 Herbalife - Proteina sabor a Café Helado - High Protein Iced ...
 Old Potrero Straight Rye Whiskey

———

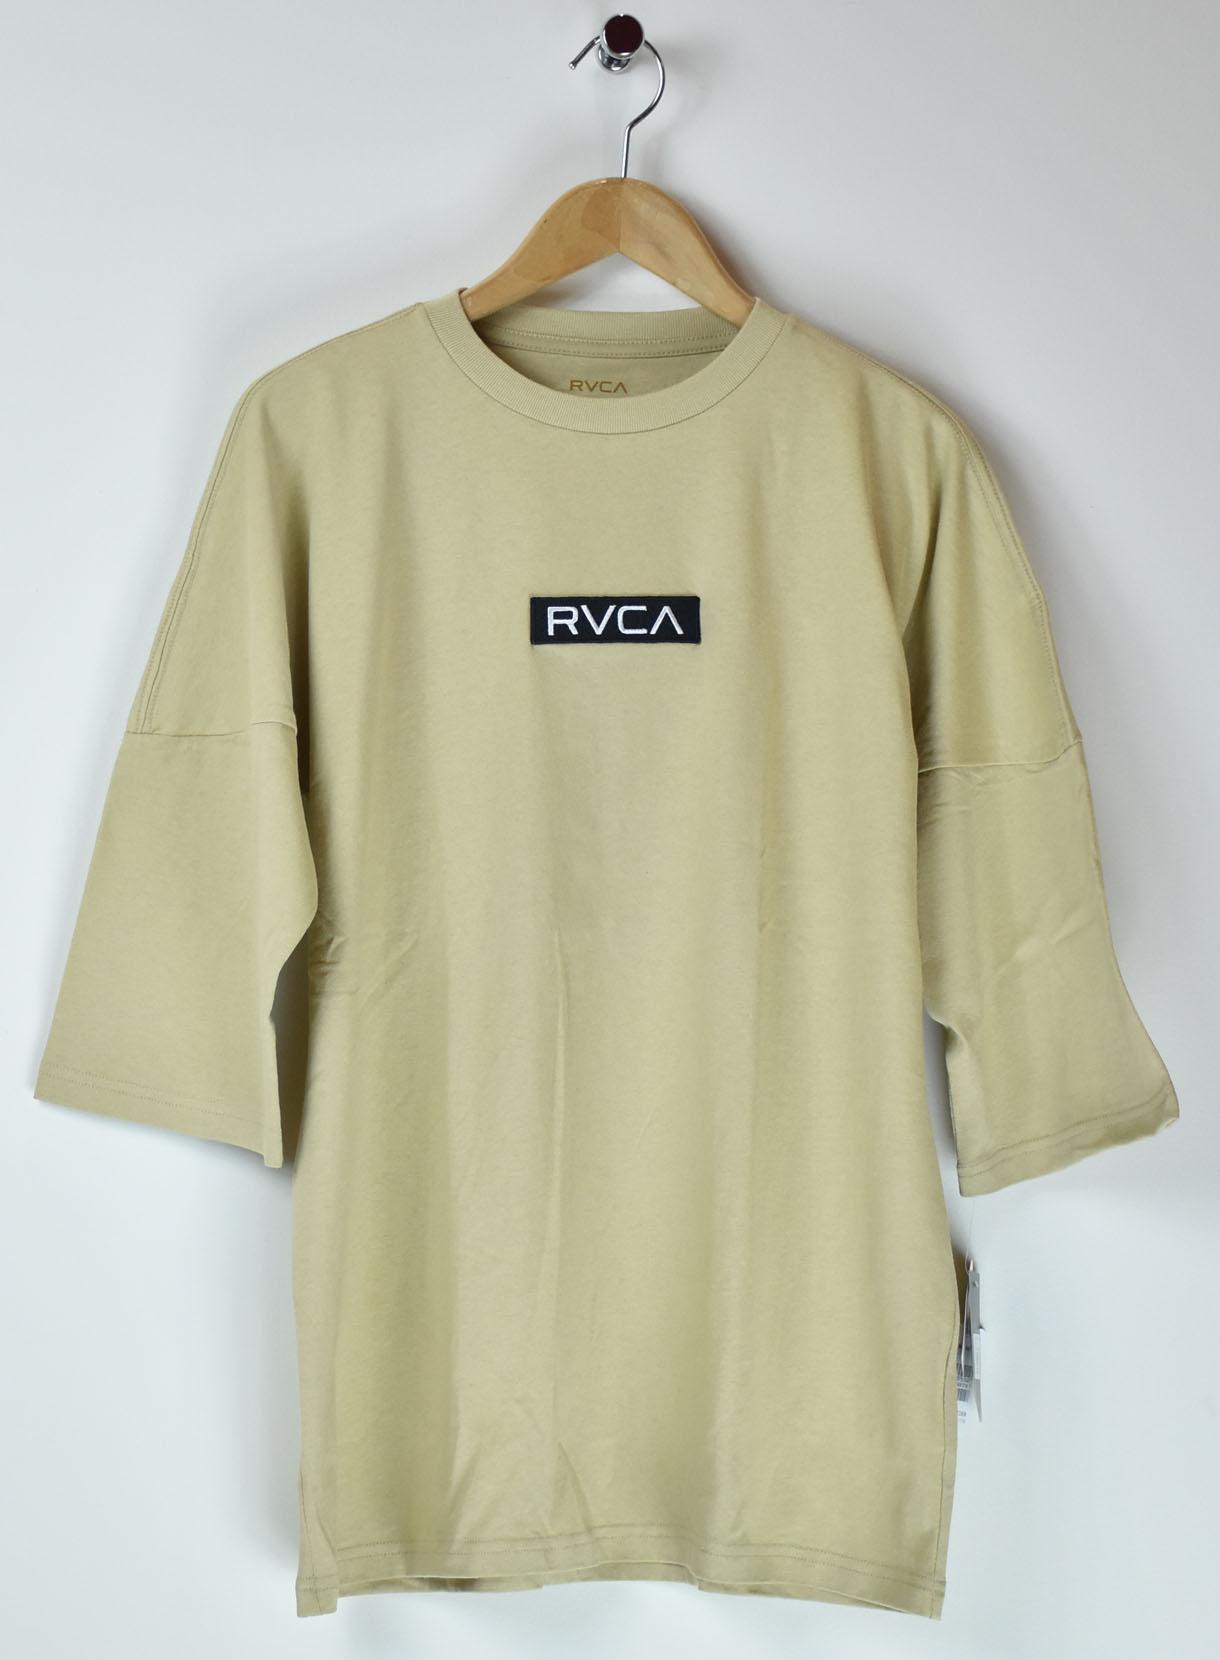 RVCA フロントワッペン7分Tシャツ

———

Output the lines above exactly, but only those between the line holding "Herbalife - Proteina" and the line holding "Old Potrero Straight Rye Whiskey", inclusive.

 Herbalife - Proteina sabor a Café Helado - High Protein Iced ...
 Old Potrero Straight Rye Whiskey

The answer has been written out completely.